EBR-bench evaluates whether AI systems can improve at an unfamiliar, complex task through repeated attempts and note-taking — a proxy for the broader ability to “learn on the job.” Models repeatedly play Earthborne Rangers, a campaign-style board game in which a player explores a wilderness landscape, overcoming obstacles and pursuing objectives.
We chose this game because it is relatively obscure, so models are unlikely to have memorized it during training; it is almost entirely card-based with very little spatial reasoning, so weak multimodal reasoning is not the bottleneck; and it requires a layered mix of strategy and tactics — deck-building plus turn-by-turn play — over a long time horizon. A single playthrough of the segment we evaluate takes an experienced human 2–4 hours, and mastering the game can require dozens of playthroughs.
In our early experiments, we saw little evidence of learning from experience: scores stay roughly flat over repeated play, well below an expert human baseline. For the full launch analysis, see our publication, AI doesn’t get better at this board game with practice.
Epoch has used Earthborne Rangers content solely for the purposes of research and commentary. This work is conducted independently of Earthborne Games. Epoch does not distribute or sell access to the underlying copyrighted material from the game.
We primarily report each model’s “topline score”, the mean score over the final 20% of a run’s playthroughs. Agents are informed in their system prompt that only their final 20% of playthroughs are scored, and that the other 80% of playthroughs are free to be used for exploration and learning. By default, a sample or “run” consists of 10 playthroughs. Agents are encouraged to take notes as their only means of retaining specific information across compactions.
Each playthrough consists of the first five in-game days of the game’s campaign.
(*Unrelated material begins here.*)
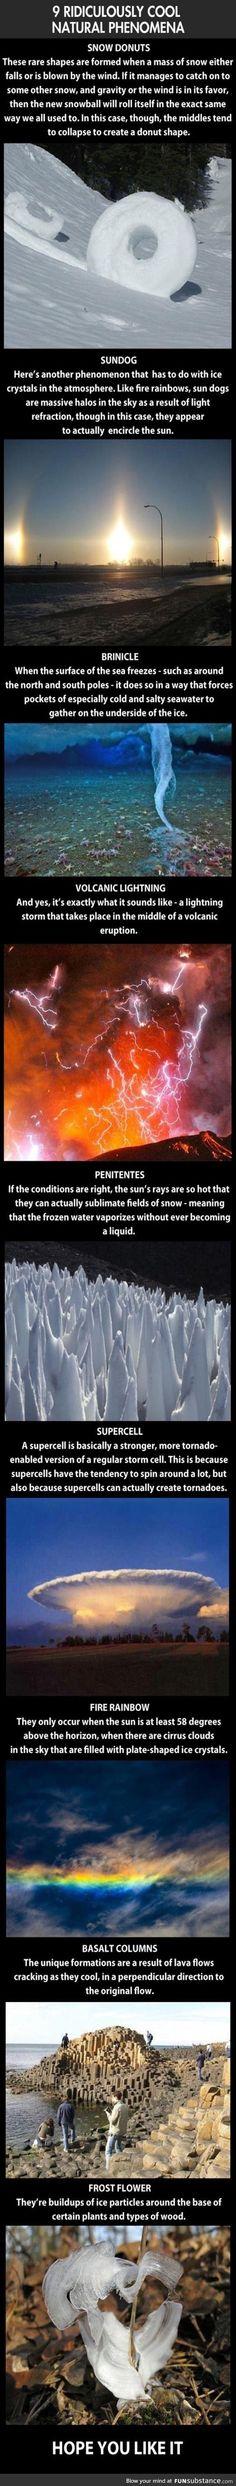 9 Amazing Natural Phenomenons

Across these days, and within the subset of the full game provided in our digital implementation, players can score up to 21 distinct objectives, consisting of a mix of missions completed, rewards unlocked, and nontrivial in-game “notable events” recorded. The top score from any human so far is 20 out of 21.
The agent’s system prompt contains basic information about the nature of the experiment, the scoring methodology, a tool-calling guide, and a compressed version of the game’s rulebook. The agent’s tools consist of a card lookup utility, an image of the game’s map, and a text-based pathfinding utility for models that struggle with vision. The agent can also read and edit a notes directory, and can read a set of whitelisted reference files, consisting of the game’s full rulebook, its rules glossary, and a digital interface guide that notes differences between the actual game and the provided digital implementation.
Models act through a simple ReAct agent harness. We plan to explore more sophisticated harnesses over time. We have most models compact every 250k tokens, as we found larger compaction thresholds made little difference in performance; older models may compact more frequently if their maximum context window is smaller than 250k tokens.
As mentioned, we currently evaluate only the game’s initial five-day introductory segment; full campaigns span 20–25 days. We plan to expand coverage and run more statistically robust human baselines over time.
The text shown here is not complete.